Why AOI. Features one should look while considering AOI | 10 August, 2004

RS,

It seems you've been doing your homework. However, the real question is what do you need to do with AOI?

1) What is your minimum cycle time? This would help you to determine the speed you need and whether "scan on the fly" is warranted. Also, a scanning type system will have a difficult time providing high resolution as well as high throughput.

2) What is your maximum PCB size? In otherwords, why spend the money on a system with a large inspection area, if your largest assembly will never be greater than 10" x 12"?

3) What are the smallest components you plan to inspect? If your company has no plans to using 0201s, then why spend the money for AOI that will reliably inspect 0201s?

4) Are you using J-leaded parts? AOI with side mounted cameras are nice, but more cameras can lead to more variation in inspection results (false call and escapes) and more programming, as well as add to the cost. Of course, a single, downward-looking camera system will not be able to inspect a j-lead solder fillet, but with flexible lighting and sound algorithms, even slightly lifted gull-wing leads and lifted/tipped discreets can be caught with single, downward looking camera.

5) Are you building mixed technology (SMT and Thru hole) assemblies? Will you want to be able to read color codes on axial resistors?
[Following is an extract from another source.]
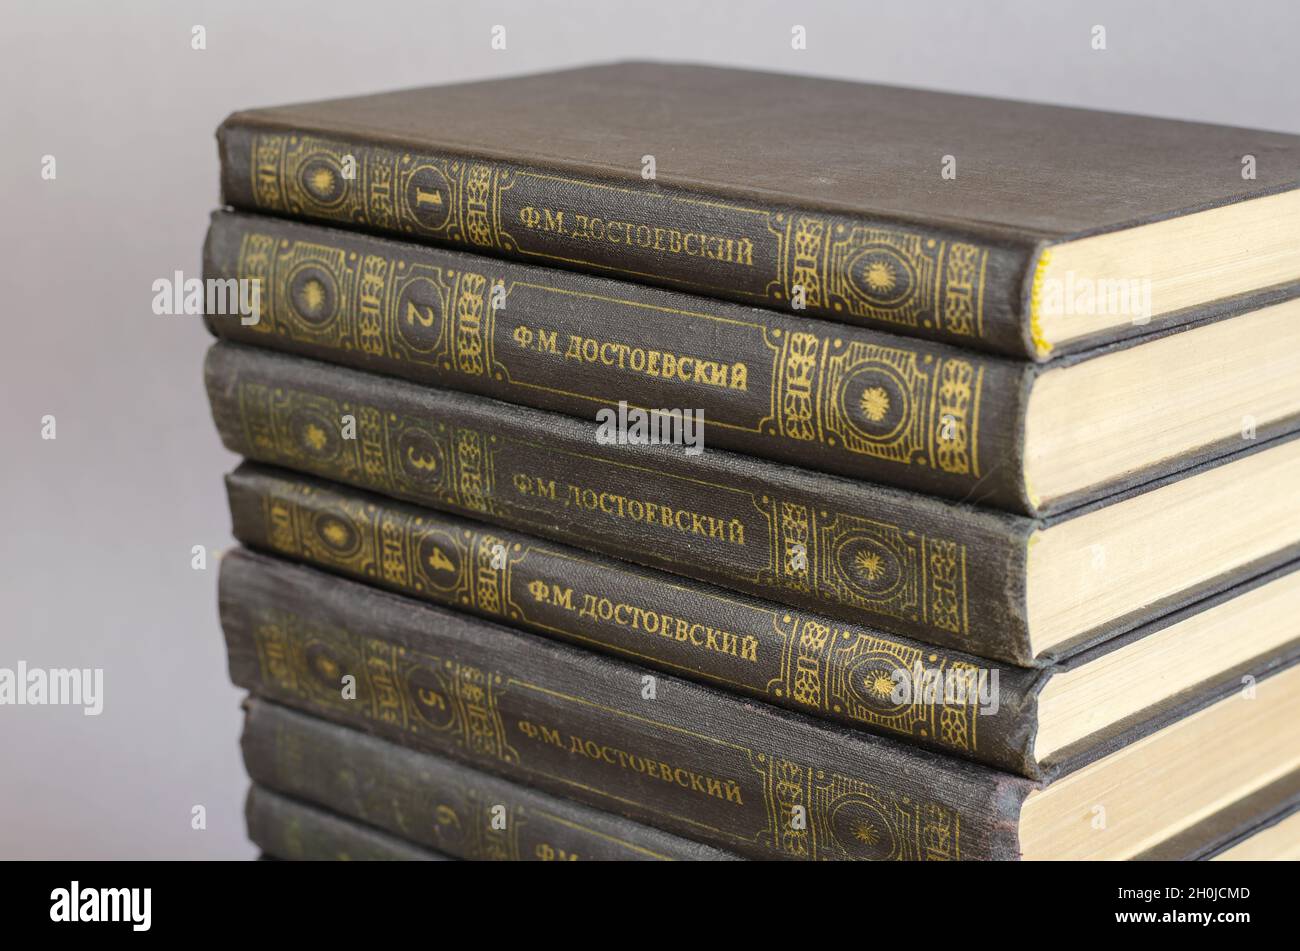 Eleven volumes by the famous Russian writer, thinker, philosopher and essayist Fyodor Dostoevsky. A stack of old hardcover books on a gray background. Stock Photo

If so, color inspection will be important.

6) Do you need to have the system in-line? Off-line AOI systems can be found starting at $50K. High-speed systems that can be used both in-line and off-line start at ~$90K.

7) How much progamming time can you afford? Of course, many AOI companies tout the ability to use all types of CAD and Gerber data, but in most cases it's not without some editing. There are some AOI systems that use the same data you need to provide to your SMT mounting machines and nothing more. That can save a lot of extra programming work.

Of course, you may need a large format, high-speed, high-resolution multi-camera AOI system. Then again, there's no reason to use a $200K+ AOI "shotgun" to kill a "fly" of an inspection problem.

I would suggest putting togther a list of your requirements and sharing it with AOI vendors. It shouldn't take you long to weed through the 50+ options on the market and come up with a short list of equipment that will suit your needs.